Le quartier est une notion très banale de l’analyse géographique, désignant toute fraction homogène clairement délimitable d’un espace urbain, en général résidentiel. Sa portée cognitive est aujourd’hui faible, compte tenu de l’état des organisations urbaines, marquée par le développement des mobilités et des pratiques de réseau. Cependant, dans le langage courant, le mot et la chose qu’il dénote constituent toujours les supports d’une puissante mythologie spatiale. Ainsi, le quartier possède encore (et même à nouveau de manière croissante depuis une dizaine d’années) une capacité à fixer l’identité territoriale d’individus et/ou de groupes.
Dans un autre registre, le quartier désigne aussi un territoire d’intervention, cible privilégiée des analyses et des politiques publiques qui, ce faisant, le construisent en tant que réalité sociale spécifique et problématique : à savoir d’abord, de manière générique, le quartier comme espace pertinent du voisinage résidentiel, qui est une maille élémentaire de l’action publique. Puis de manière spécifique, les quartiers entendus comme les « zones » de territorialisation de la question sociale, bref les fractions de grands ensembles destinataires de la politique de la ville — et là le mot possède franchement une connotation négative. C’est bien dans la tension entre le concept, la mythologie, le cadre de l’action que la question du quartier prend tout son intérêt. Avec une interrogation simple : pourquoi un terme si peu adapté aujourd’hui à l’intelligibilité scientifique des organisations urbaines contemporaines, reste-t-il si puissamment engagé dans les constructions identitaires et dans les processus politiques ?

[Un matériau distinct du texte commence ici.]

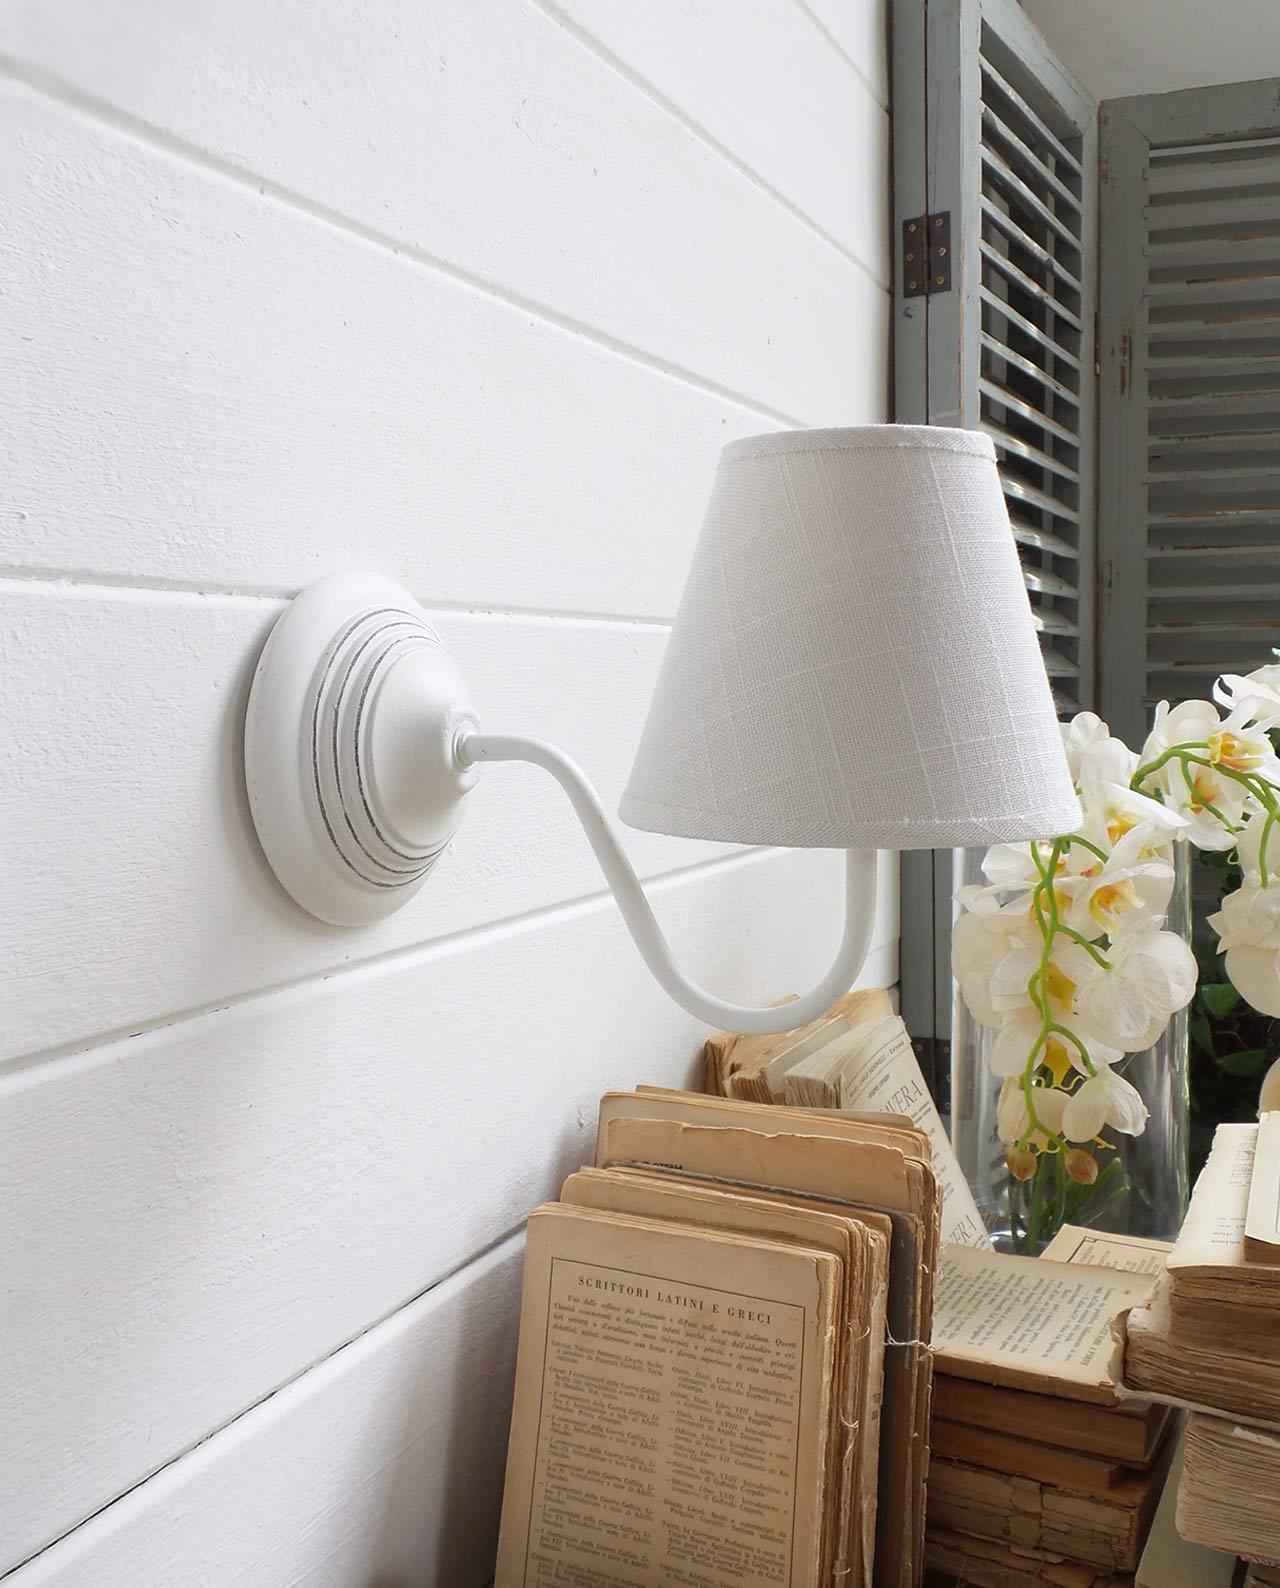 Applique tonda in legno bianco set 2 pz mobilia store for Applique da parete legno

Si l’on s’intéresse à la notion, ce qui frappe c’est le caractère vague et peu convaincant des définitions classique : « Fraction du territoire d’une ville, dotée d’une physionomie propre et caractérisée par des traits distinctifs lui conférant une certaine unité et une individualité ». Cette formulation, imprécise et ambiguë, tous les termes utilisés pouvant foisonner de sens différents, ouvre l’article : « quartier », par ailleurs remarquablement critique, du Dictionnaire de l’urbanisme et de l’aménagement (Choay, Merlin, Paris, PUF, 1ère édition 1987). Une telle approche s’avère applicable à toute portion d’espace urbain un tant soit peu homogène, quels que soient son degré et ses critères d’homogénéité et son échelle. D’ailleurs, toute fraction d’espace peut être, d’une manière ou d’une autre, considérée, par une saisie surplombante s’appliquant à des caractères généraux, homogène et même dotée par le chercheur d’identifiants de cette homogénéité. Les urbanistes, par l’usage du zonage, n’ont-ils pas allègrement montré leurs capacités à neutraliser les diversités de tous ordres des espaces en les faisant entrer dans des grilles de lecture précontraintes, dont les apriori surdéterminent l’explication de l’organisation spatiale ?
La fortune de l’idée du quartier en tant qu’entité singulière repose sur l’erreur de faire de la forme extérieure, lisible, de la chose, la chose elle-même. Par exemple, on postule souvent l’existence d’un quartier, à partir du constat d’une coexistence spatiale d’individus de catégories proches. Donc, en élaborant une telle topographie sociale, on crée l’illusion de localiser le lien social, la sociabilité, en vertu d’un principe de contiguïté, encore aujourd’hui considéré incontestable par beaucoup : la proximité spatiale topographique (de contact immédiat) induirait, par effet d’une sorte de loi d’airain, la relation interindividuelle. Or, l’analyse fine des pratiques montre, sans conteste, que les choses ne sont pas si simples. Le regroupement en un même lieu d’individus socialement proches — critère d’excellence de l’existence supposée d’un quartier avec celui de l’homogénéité paysagique, qui n’est d’ailleurs pas une preuve de l’existence de quartiers mais un signe manifeste d’une standardisation des processus de gestion, d’aménagement et de production de l’espace et de régulation du marché du logement — ne débouche pas nécessairement sur une forte sociabilité ni ne produit automatiquement une identité locale durable, susceptible de se mobiliser autrement que temporairement et de façon opportuniste.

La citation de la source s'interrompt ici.